Did you know that the Harry Potter series was banned? Banned Books Week is a global event around the end of September every year, originating in 1982. In fact, this past week was Banned Books Week (September 18th-24th). Its significance lies in the celebration of intellectual freedom and raising awareness on the effect of censorship, starting with books. The chosen theme for this year is “Books Unite Us. Censorship Divides Us.”
Banned Books Week was first founded by activist Judith Krug, in 1982. The goal was to bring to light the censorship of books to United States citizens. This was following the Island Tree School District v. Pico case, which resulted in the Supreme Court ruling on June 25th, 1982, that school officials do not have the permission to ban books from libraries solely due to their content.
The cause for the challenge/ban of these books through the last four decades were often due to their nature of containing profanity, sexual explicitness, abuse, and gender diversity.

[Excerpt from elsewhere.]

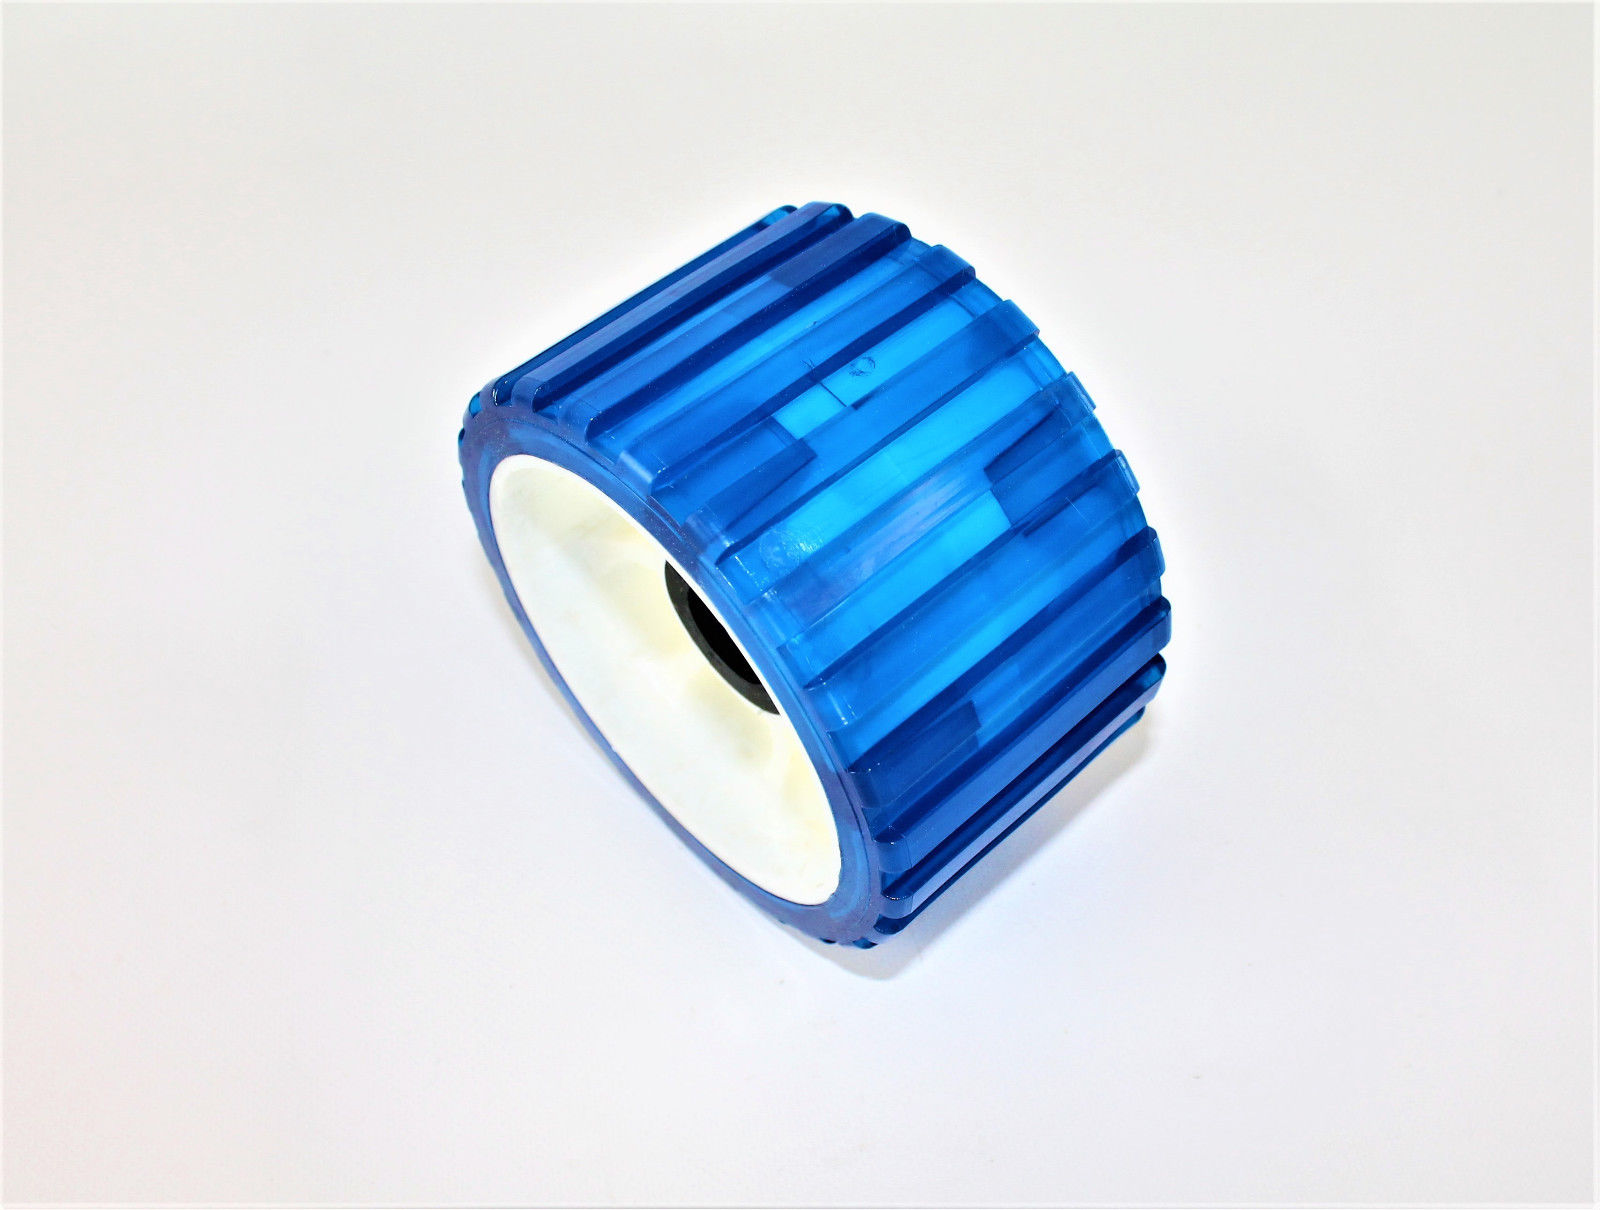 Sliprolle Bootsauflage Kielrolle Rolle aus Polyvinyl Farbe blau Neu L 1064018

The five most challenged books across the United States this year (in descending order), according to the American Library Association (ALA)’s Office for Intellectual Freedom are: Gender Queer, by Maia Kobabe; Lawn Boy, by Jonathan Evison; All Boys Aren’t Blue, by George M. Johnson, Out of Darkness, by Ashley Hope Perez; and The Hate U Give, by Angie Thomas.
Why is book banning and censorship important to Northwood? Banned Books Week raises awareness of censorship to the school, which has secluded itself as a private institution, according to Ms. Noel Carmichael, Dean of Faculty and Academic Affairs.
“We’re a little bit sheltered from this issue [of censorship], in a way, because, as an independent school we have a lot of freedom,” Carmichael said. “Every one of our English teachers and other courses gets to choose what they want to include in their courses that we vet internally, but we don’t have to respond to any external source for our reading material. So, we have a lot of freedom. But what that means is that we are ignorant of these issues. We can read whatever we want, but there are some people who can’t, and therefore, we have that problem of not knowing it’s an issue because it’s not an issue for us.”
Back to the beloved Harry Potter books. According to the American Library Association, the popular children’s series, which has been made into wildly popular movies, are the most challenged books of this century. The most recent occurrence was in a Nashville Catholic school in 2019, according to The Tennessean newspaper.